Changes in renal haemodynamics during pregnancy are thought to be similar in renal transplant recipients compared to non-transplant patients, with up to a 70% rise in renal blood flow (RBF), 50% increase in glomerular filtration rate (GFR) and 50% fall in urea and creatinine [8]. However, physiological adaptations seen in normal pregnancy may not occur in patients with CKD or renal transplantation, especially if the creatinine is >200 μmol/L, leading to a potential blunted rise in GFR [9]. In our twin pregnancy case, we demonstrated a 40% fall in creatinine with a concomitant 10% increase in the velocity of RBF. Unfortunately, there is no clinically reliable method to measure RBF. The arteriolar tone affects renal plasma flow (RPF). Normally, resistance to flow across the arterioles constitutes most (∼85%) of the renal vascular resistance (the remaining from the peri-tubular capillaries and renal veins). As RPF is inversely related to renal vascular resistance, one can conclude that in our case there was an increase RBF of ∼18%. Most of this increase in renal perfusion could be accounted for by the volume expansion and hence lead to the increased GFR. Monitoring of haemodynamic changes may help to predict a successful outcome.

Summary

This case highlights the physiological adaptations in the transplant of a successful twin pregnancy. It should be acknowledged that given beneficial circumstances, there may be no increased risk in comparison to non-transplant females. Without these, pregnancy may be high risk leading to poor transplant and fetal outcomes. Physiological parameters may prove useful in predicting a successful outcome in prospective studies.

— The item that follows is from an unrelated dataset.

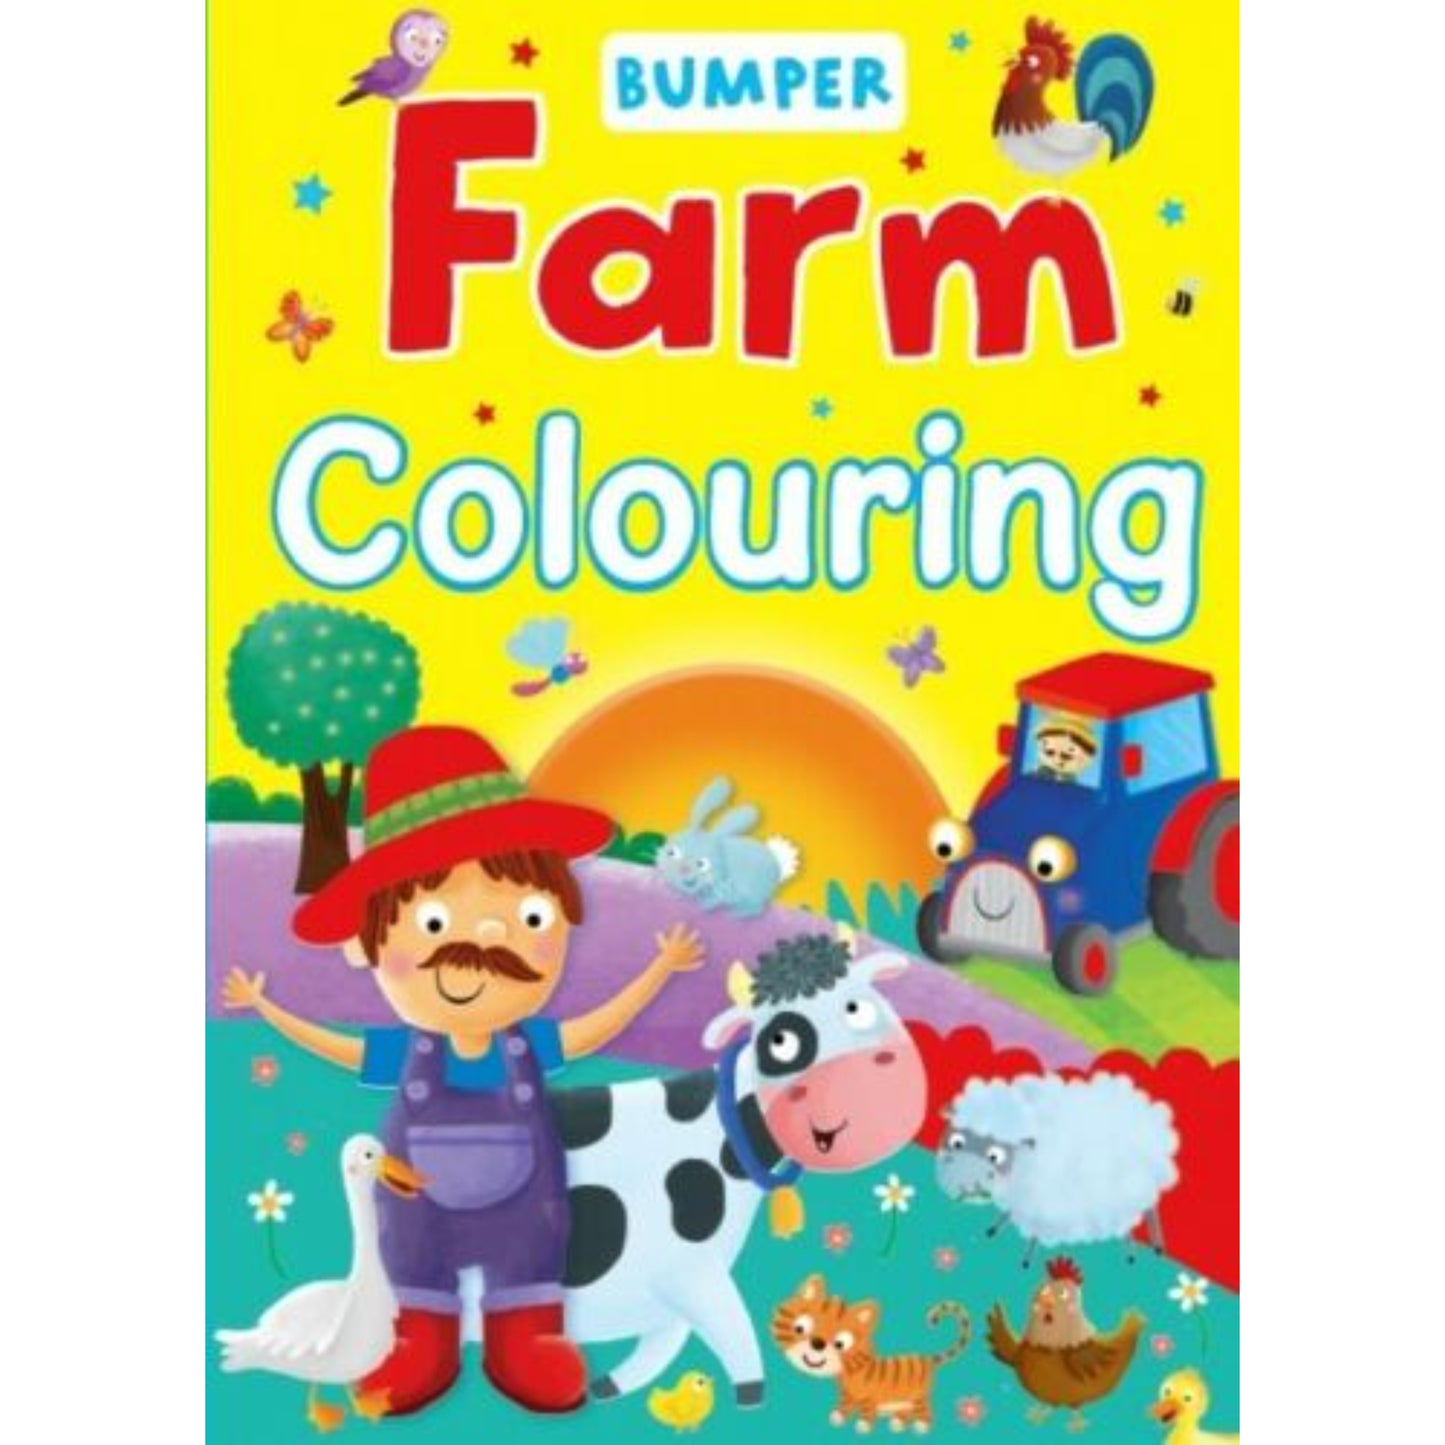 Bumper Farm Colouring

Conflict of interest statement. We confirm that neither the manuscript nor any significant part of it has appeared elsewhere in a manner that could be construed as a prior or duplicate publication of the same, or very similar, work. All named authors have contributed according to ICMJE guidelines to the study. S.B. has previously been on the advisory board for Roche and Astellas and has received honorarium for lectures and funds for assistance in travel to medical conferences from a number of pharmaceutical companies, including Pfizer, Roche, Novartis and Amgen.